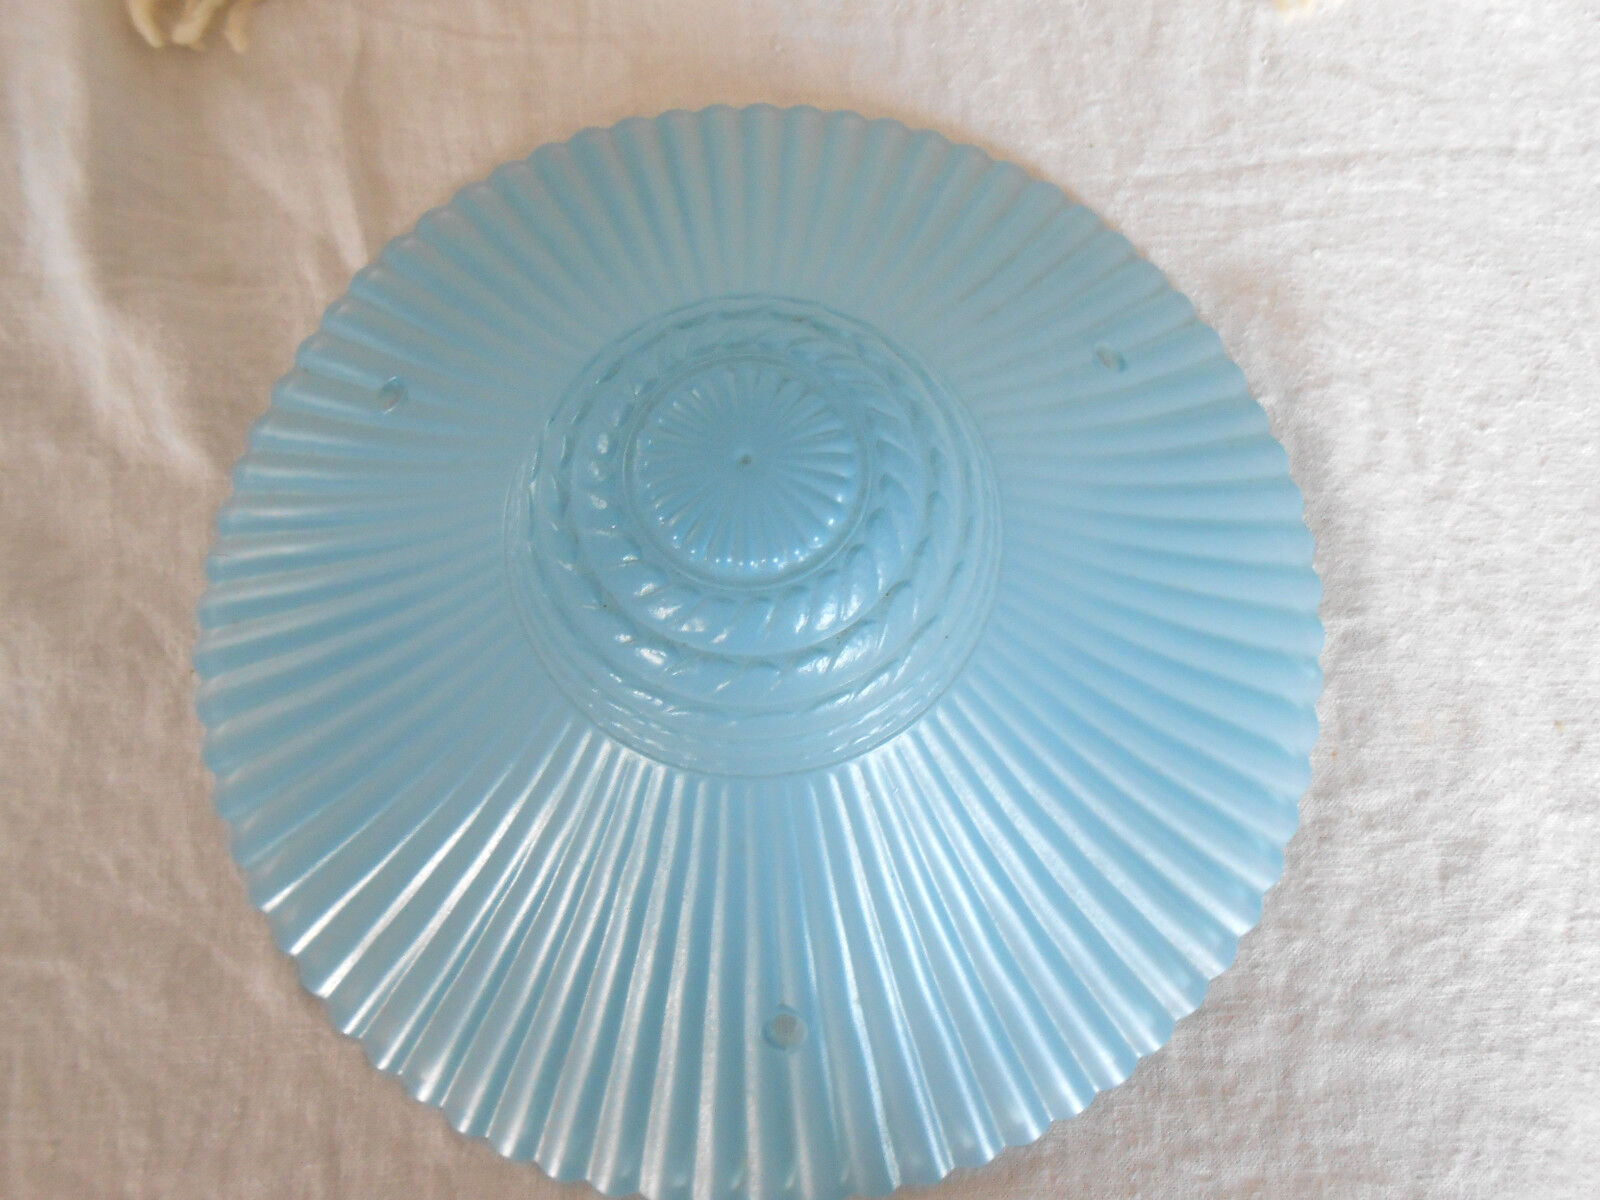 Frosted blue glass ceiling light shade
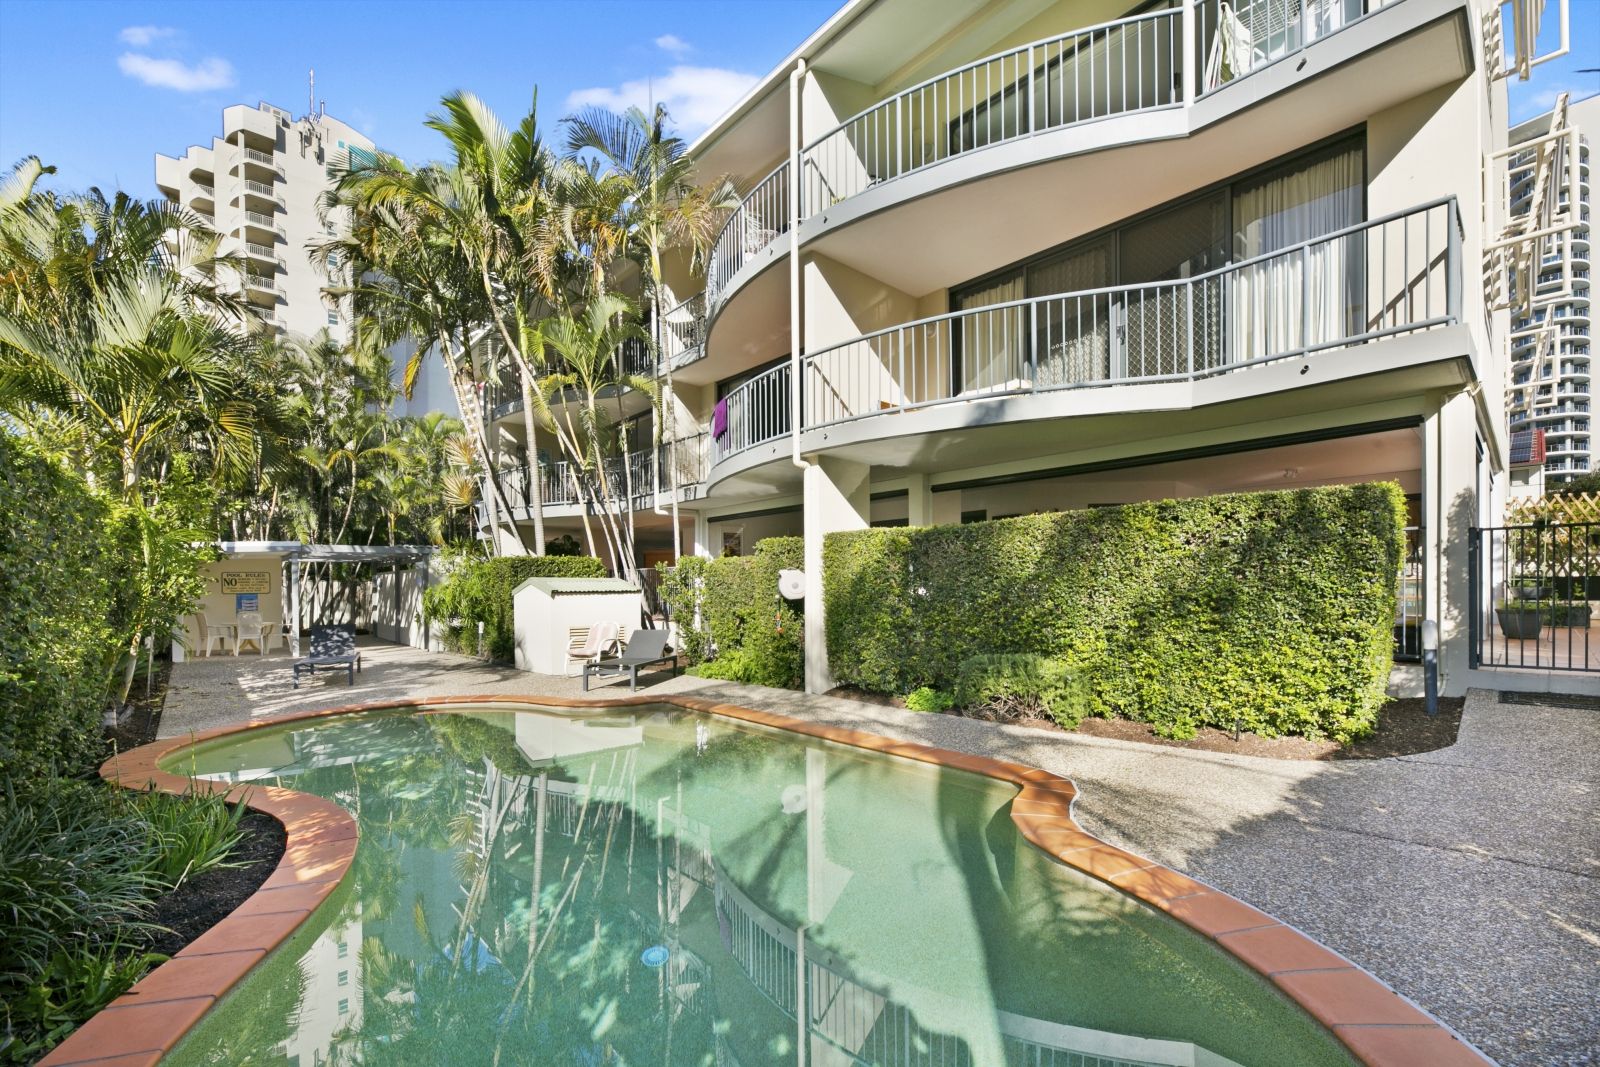 2 bedrooms Apartment / Unit / Flat in 4/21-23 Woodroffe Ave MAIN BEACH QLD, 4217
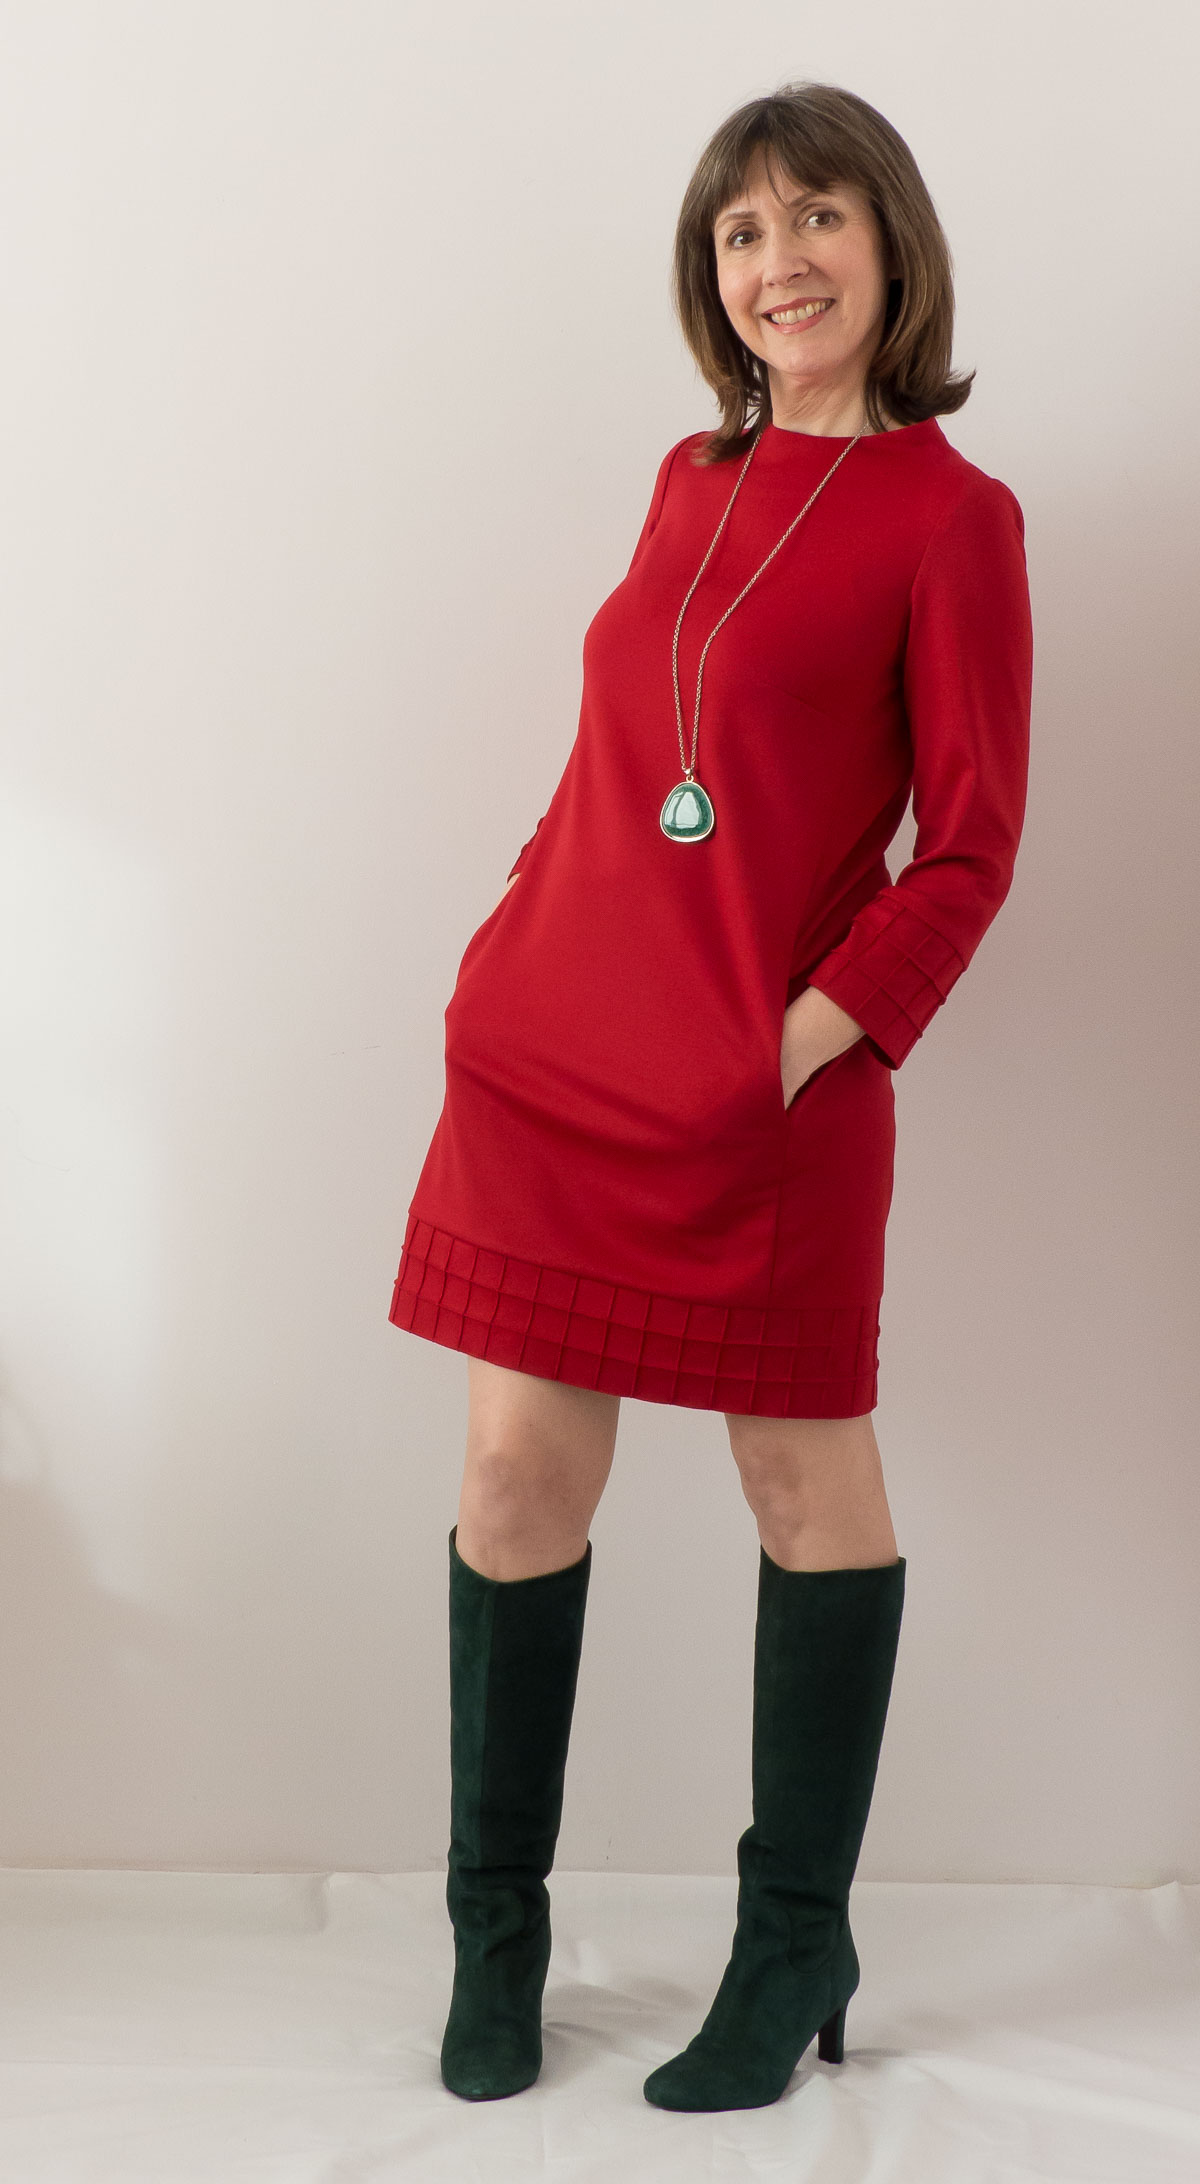 Sweater Shift Dress With a 60's Style

### Your instructions
Copy the data above line for line, skipping every picture.

### Result for this task
 Frosted blue glass ceiling light shade
 2 bedrooms Apartment / Unit / Flat in 4/21-23 Woodroffe Ave MAIN BEACH QLD, 4217
 Sweater Shift Dress With a 60's Style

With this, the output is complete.